The beaches are spectacular. You may want to check out the gallery for some photos I just uploaded.

On arrival I was blown away by the sounds of the rainforest. You hear a squeak here, a squawk there, whistles and howls, screeching, chatter, croaks and grunts, shrieks, chant, buzz, and shrils. And then some. The forest snaps, taps, clicks, and rumbles. It certainly does not whisper.

Howler monkey

Howler monkey

The forest sounds are just so intense that they overload your senses. It actually took a couple of days to really notice the beautiful butterflies and colorful birds, monkeys up in the trees, or even the tropical plants and flowers just there along the pathway.
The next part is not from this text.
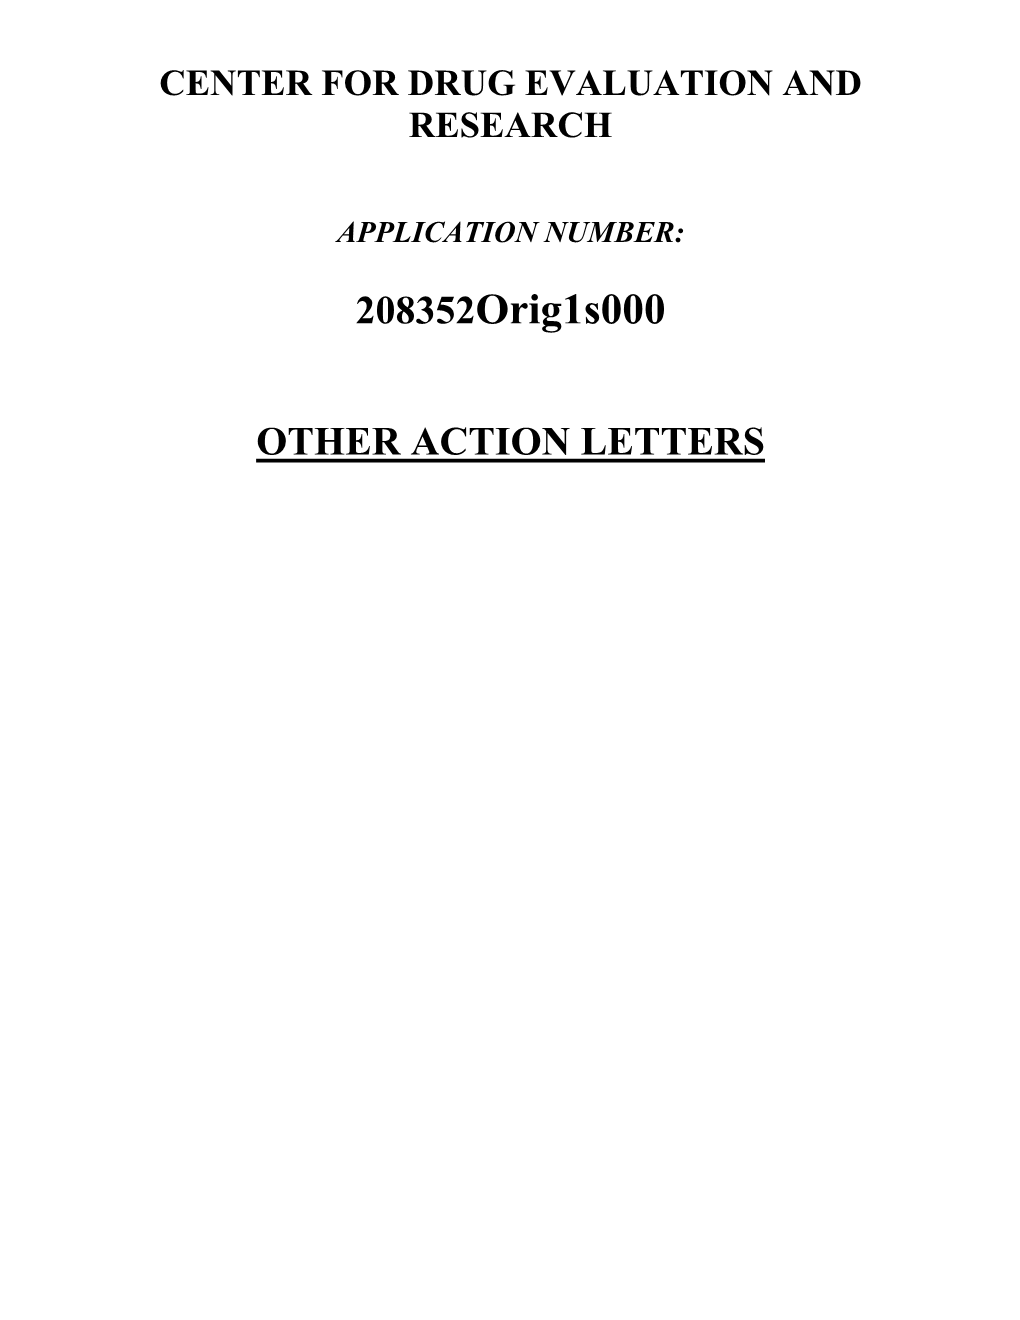 Other Action Letters

Last night there where howler monkeys (Alouetta palliata ) just above my cabin making ungodly howling noises at 2:30 am. Maybe it was the supermoon affecting them, but they usually move around at dawn, that's just after 5 am.

We are so close to the equator here that day and night are almost as long, so it gets dark at around 5 pm. I'm usually up with the monkeys, then ready for bed by 9 pm, unless there was time in the afternoon for a little nap in the cosy hammock on the porch...

The weather here is constantly changing. On my arrival day it was raining all the way from the San Jose intl airport to Punta Uva, a journey that took over six hours due to the weather and crazy traffic. Since then we've had daily tropical showers of rain, but mostly it's been a mix of clouds and sunshine. The temperature easily reaches 30 °C but never drops below 20 °C, and due to the high humidity, the temperature feels higher too.

You'd think that being surrounded with this tropical wonderland, there'd be not much writing done. But there's a screened window with a jungle view above my desk. I'm inspired. Up to 10 pages.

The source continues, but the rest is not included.